I am testing this on a popular firewall/routing appliance distribution based on FreeBSD12.3-STABLE, so there are a lot of variables to consider. However, I have no problems installing and removing packages this way on upstream FreeBSD12.3-STABLE. So, I'm merely asking for any direction you might be able to share.


----------



## skunk (Mar 10, 2022)

Did you try whether it works if you `umount` the manual mounts before doing `bectl activate`?


----------



## mer (Mar 10, 2022)

This process works well for me.








						Upgrade FreeBSD with ZFS Boot Environments
					

I am known as a strong ZFS Boot Environment supporter … and not without a reason. I have stated the reasons ‘why’ many times but most (or all) of them are condensed here – &…




					vermaden.wordpress.com
				




/boot should follow the current BE


----------



## rcmcdonald (Mar 11, 2022)

skunk said:


> Did you try whether it works if you `umount` the manual mounts before doing `bectl activate`?

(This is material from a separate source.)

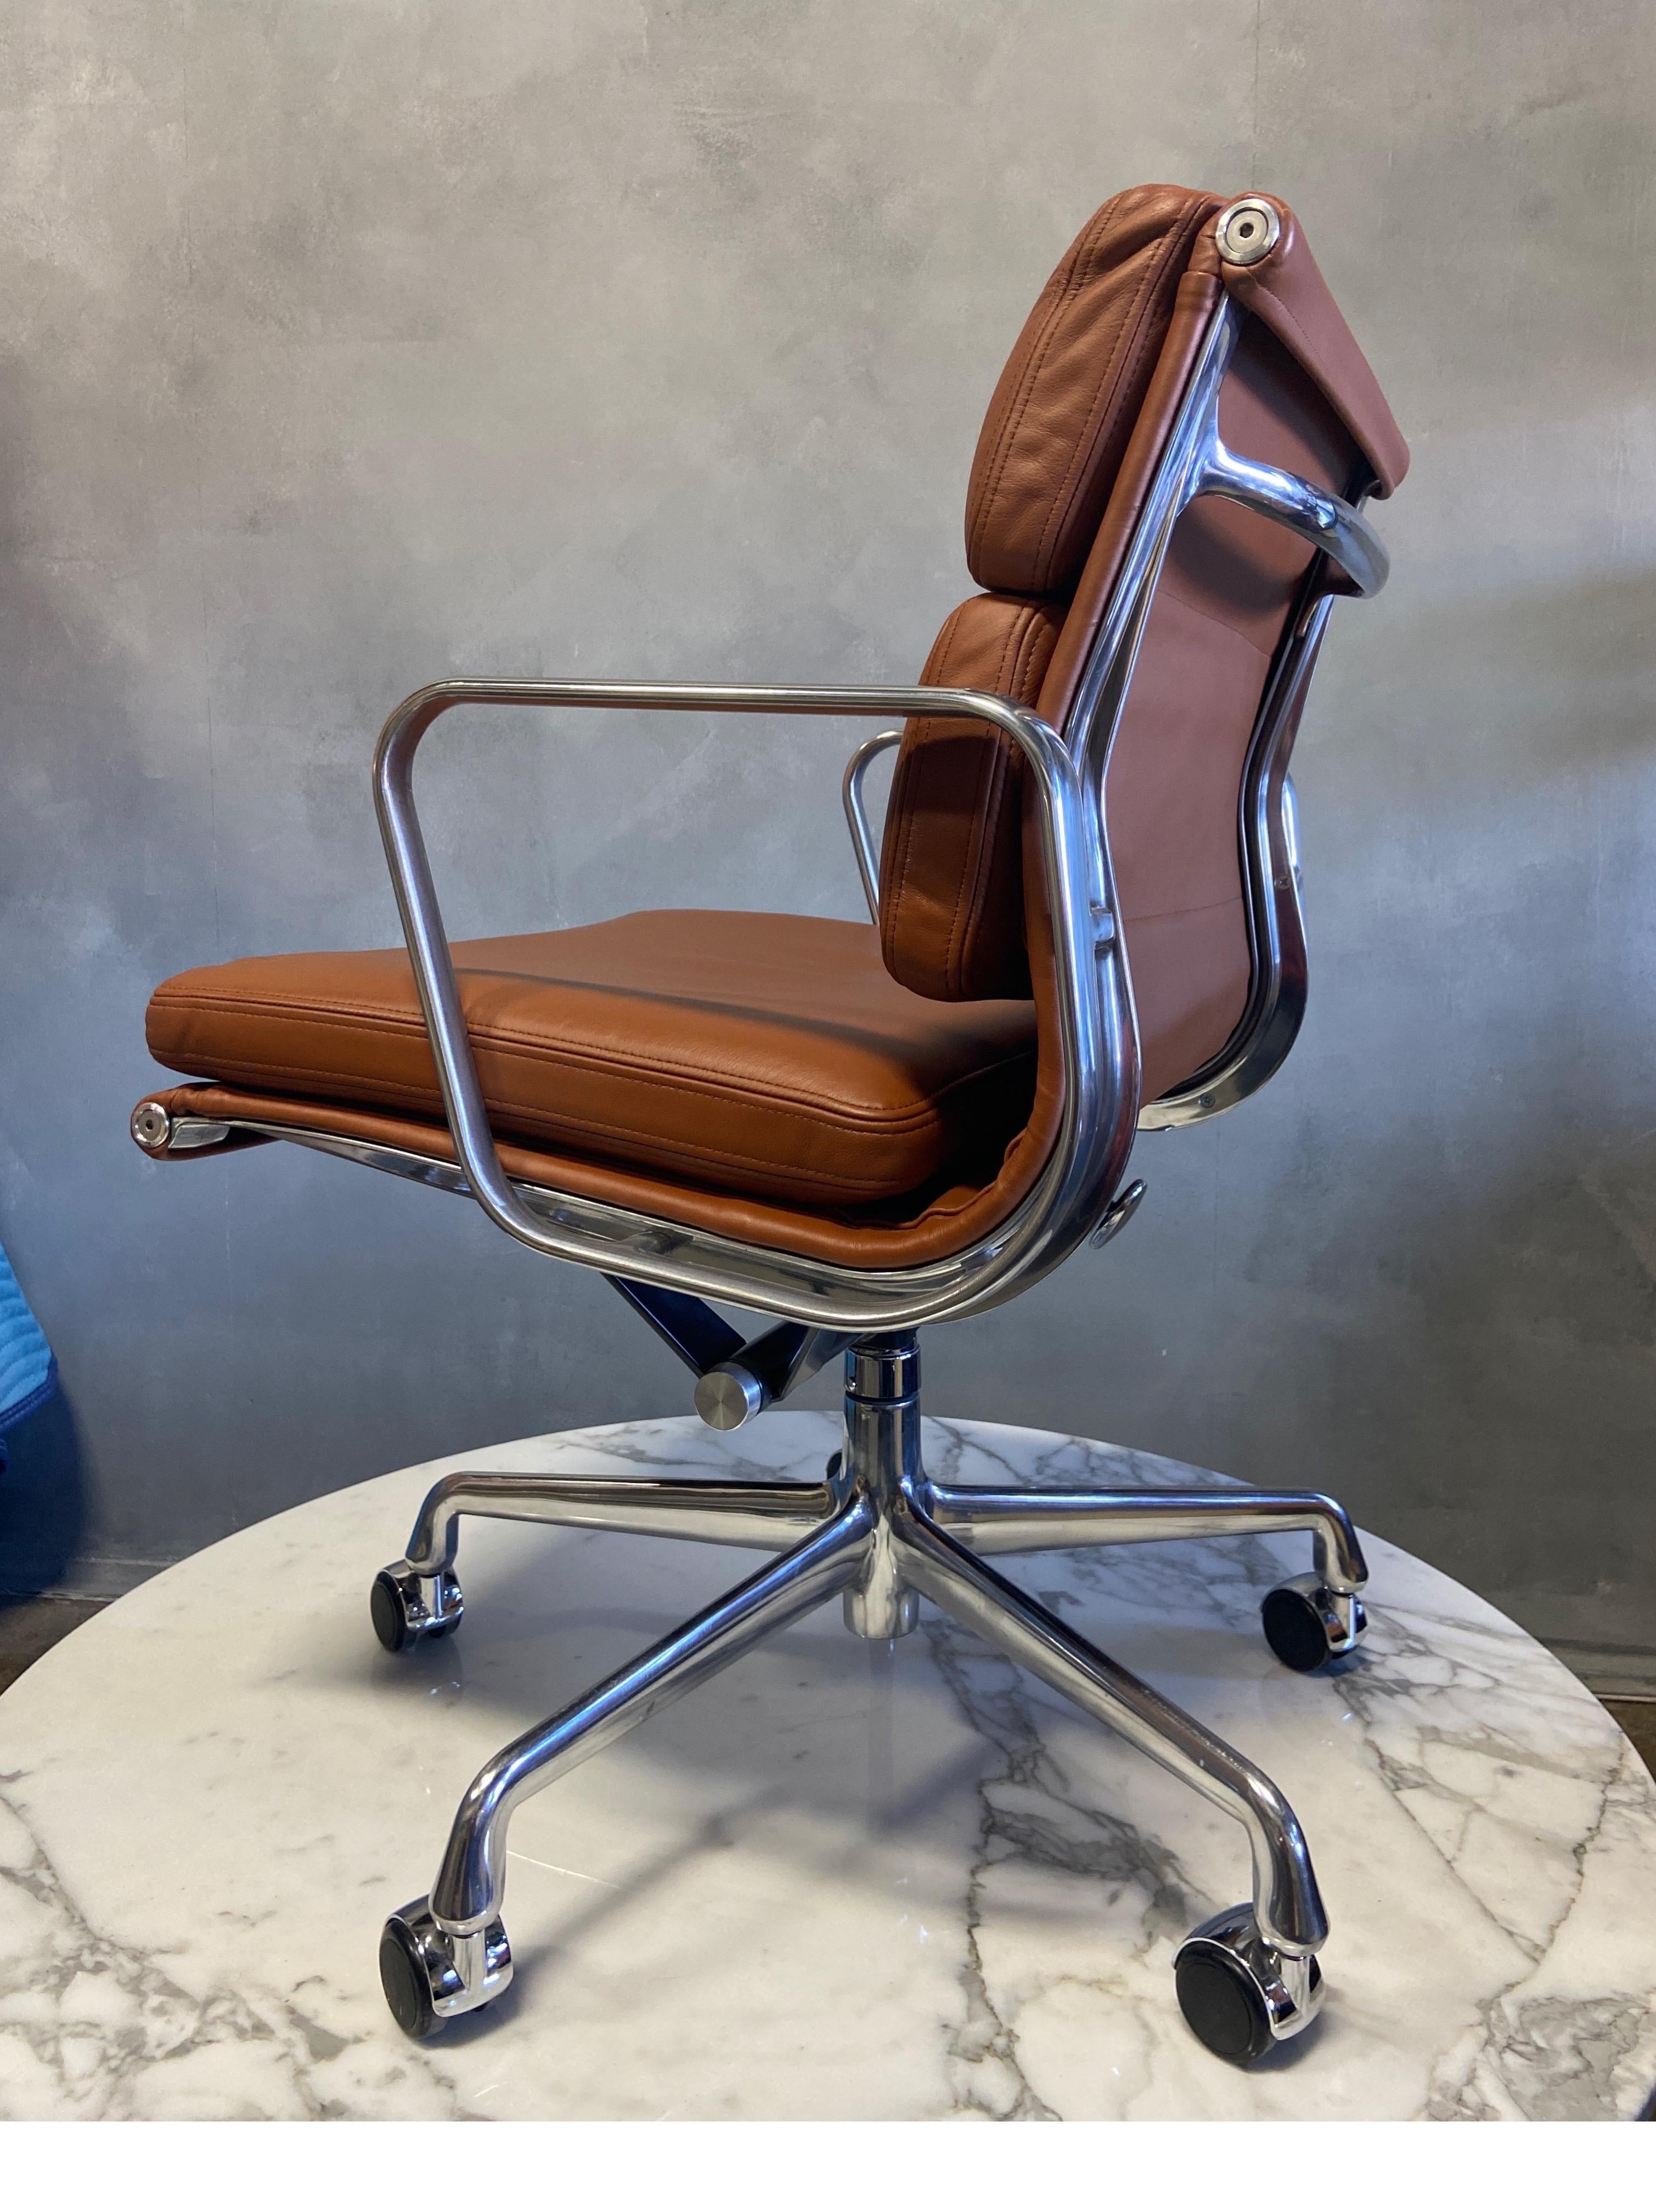 For your consideration is this authentic Eames for Herman Miller vintage soft pad chairs in brown leather. Adjustable tilt and height on a 5 star base. These authentic vintage examples are icons of Mid-Century Modern design. These chairs are part of

Yes. No difference in behavior.



mer said:


> This process works well for me.
> 
> 
> 
> ...


Yes it should. In fact, if I browse the `/tmp/alt/boot` directory, everything is there. However, the loader doesn't see it.


----------



## grahamperrin@ (Mar 12, 2022)

Lateral thinking.



rcmcdonald said:


> the loader



Might there be an issue with the loader itself … more specifically, the appliance's loader's expectation of _the name of_ the file to load?

<https://www.google.com/search?q="unable+to+locate++/boot/zfsloader"&tbs=li:1#unfucked> _unique_.



rcmcdonald said:


> everything is there.



What things, exactly? ls please, thanks.


----------